Поворачиваю голову налево — мы, похоже, лежим под какой-то лодкой, ребристый купол над головой, под задницей что-то твёрдое, похоже, что скамеечка лодочная.

— Ты кто? — спрашиваю я у мальца.

— Брательник я твой, Лёха, — размазывая слёзы по щекам, говорит он, — шибко тебя долбануло-то, забыл всё…

— Где мы? — продолжаю тупить я.

— Да там же, где и вчерась, в Кунавине, — отвечает малец, — харч промышляем… сёдни плохой день был, пару луковиц да полкраюхи хлеба выручили.

— А год сейчас какой? — задал я наконец главный вопрос.

— Я в годах не шибко понимаю, — продолжил всхлипывать мой неожиданный родственник, — в ночлежку придём, там спросишь. Ты лучше вставай, нам через мост на ту сторону надо, а то его разведут скоро, его ж на ночь всегда разводят, вот тогда точно под этой лодкой всю ночь дрожать будем.

— А фамилия у нас какая? И мать с отцом где? — сделал я попытку приподняться, кажется это получилось.

— Потаповы мы, а родителей у нас год уже почитай, как нетути ни одного — тятька бурлаком был, в прошлом годе повели оне баржу в Ярославль, так он и не вернулся оттедова, казывали, утоп он где-то под Кинешмой, а как и почему, то неведомо. А матушка наша в прошлом месяце померла от хвори… ты ж её выхаживал долго, дохтура приводил, не помог только дохтур, немчура поганая, только деньги последние выцыганил — и этого не помнишь?

— Не помню, — угрюмо сказал я, выбираясь из-под лодки, — ну пойдём что ли в твою ночлежку… только там ведь деньги наверно платить надо?
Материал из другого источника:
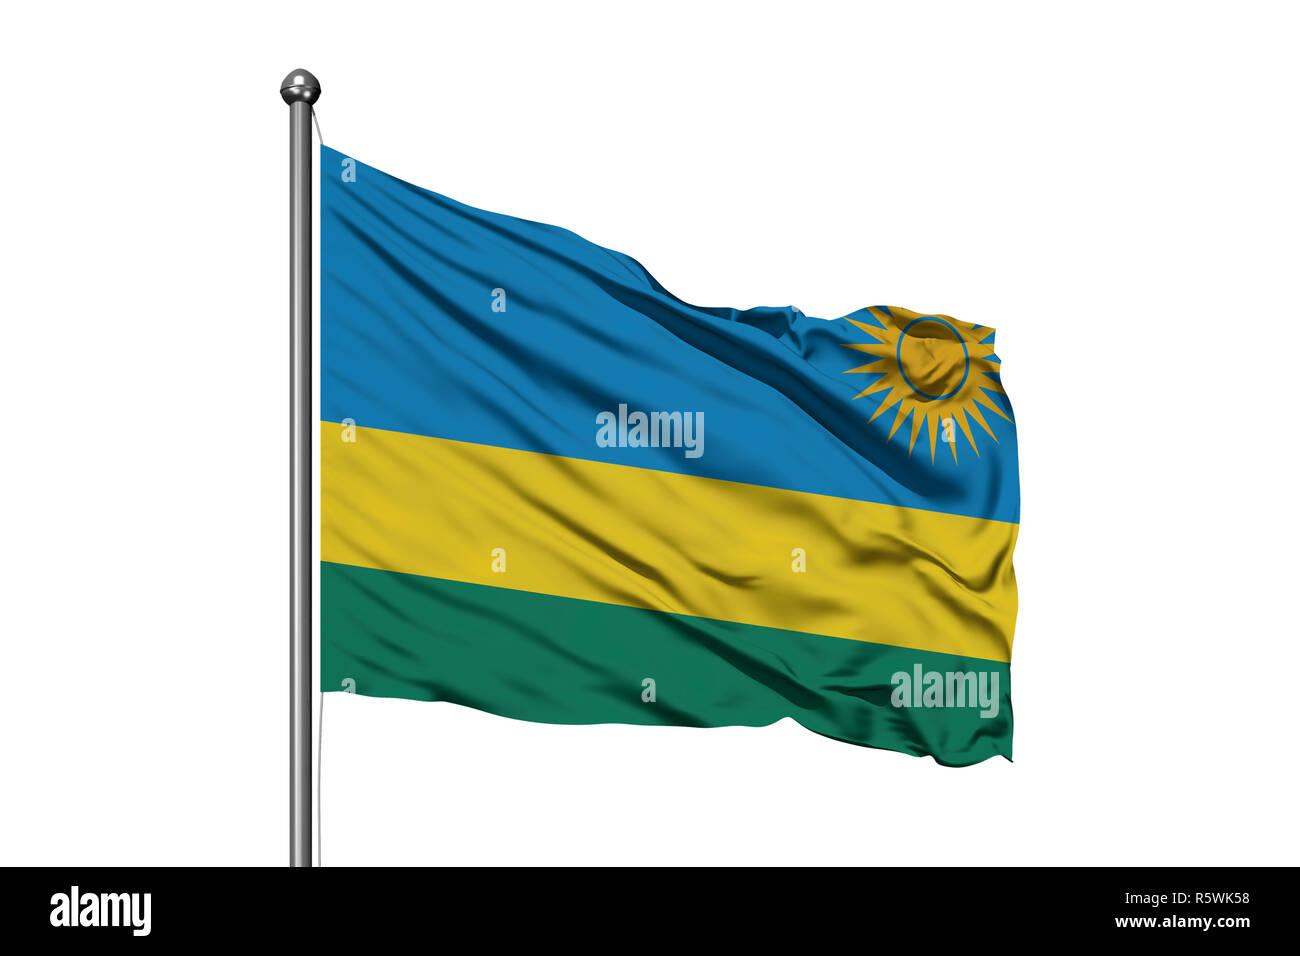 Flag of Rwanda waving in the wind, isolated white background. Rwandan flag. - Stock Image

— Не надо, — отозвался Лёха, — мы убираемся там раз в неделю в счёт этой платы — этого ты тоже не помнишь?

— Слушай, давай так, — придумал я выход, — считай, что я совсем ничего не помню после этой молоньи…
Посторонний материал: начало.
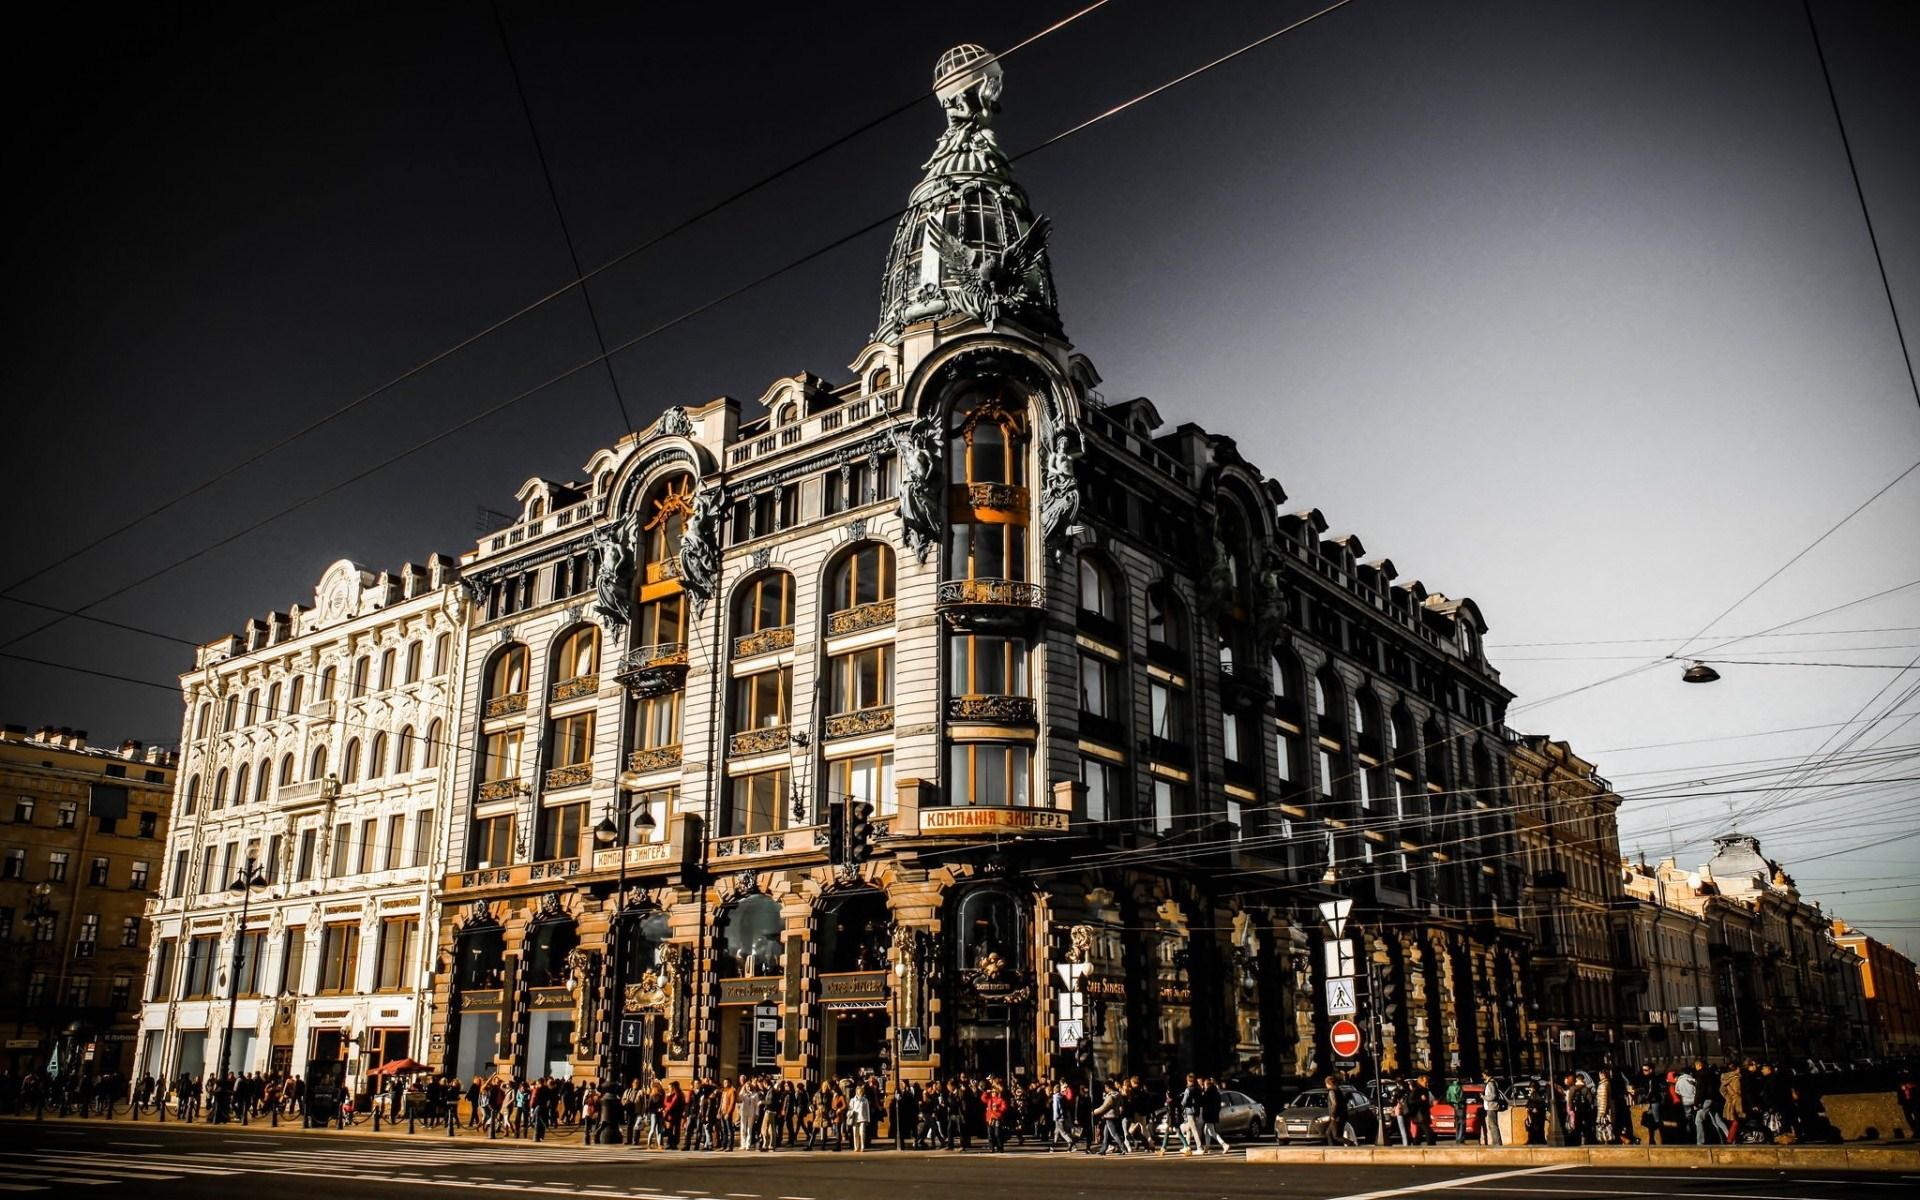 Building People Russia Street 1920x1200

Это было очень близко от истины, я по-прежнему очень плохо врубался в ситуацию и почти ничего не понимал. Дело в том, что последнее моё воспоминание перед тем, как я увидел брата-Лёху, была рулёжка по ночному городу в 21 веке — я возвращался с вечерней смены домой примерно в половине двенадцатого, накрапывал мелкий и занудный дождичек, разогнавший с дорог остатки автомобилей, мокрых пешеходов и даже женщин с пониженной социальной ответственностью. Одолел почти весь проспект Ленина и огибал кольцо на Пролетарке, когда переднее колеса моей Джетты влетело в неожиданную яму… вчера ещё тут всё ровно было, а теперь вот… и совсем последнее, что я запомнил, так это как машина переворачивается, а горизонт резко наклоняется влево… потом лодка и Лёха… Да уж, занесла меня нелёгкая — это ж конец 19 века или самое начало 20-го, а город, судя по всему, тот же самый, Нижний Новгород, а идём мы с Лёхой сейчас по территории Нижегородской ярмарки, коя тут каждое лето открывается, в Кунавинской слободе… а мост, на который меня брательник ведёт, это один из двух плашкоутных мостов от Ярмарки на правый берег реки Оки, где и расположен собственно в этом времени город. Такие блин дела, граждане присяжные заседатели и приравненные к ним.

Лёха привёл меня на второй мостик, который ближе к Московскому железнодорожному вокзалу проходил, он начинался примерно от того места, где в будущем будет стоять монументальный памятник Ильичу высотой в 12 метров, а заканчивался на Благовещенской набережной, в будущем это будет Черниговская улица. Состоял мостик из двух частей, сначала до Гребнёвских песков, ну острова такого посреди Оки, а когда одолеешь лабиринт из амбаров и складов на этих песках, там вторая часть плашкоута была. А основной-то мост был куда как более основательным, и по нему даже ходил электрический трамвай.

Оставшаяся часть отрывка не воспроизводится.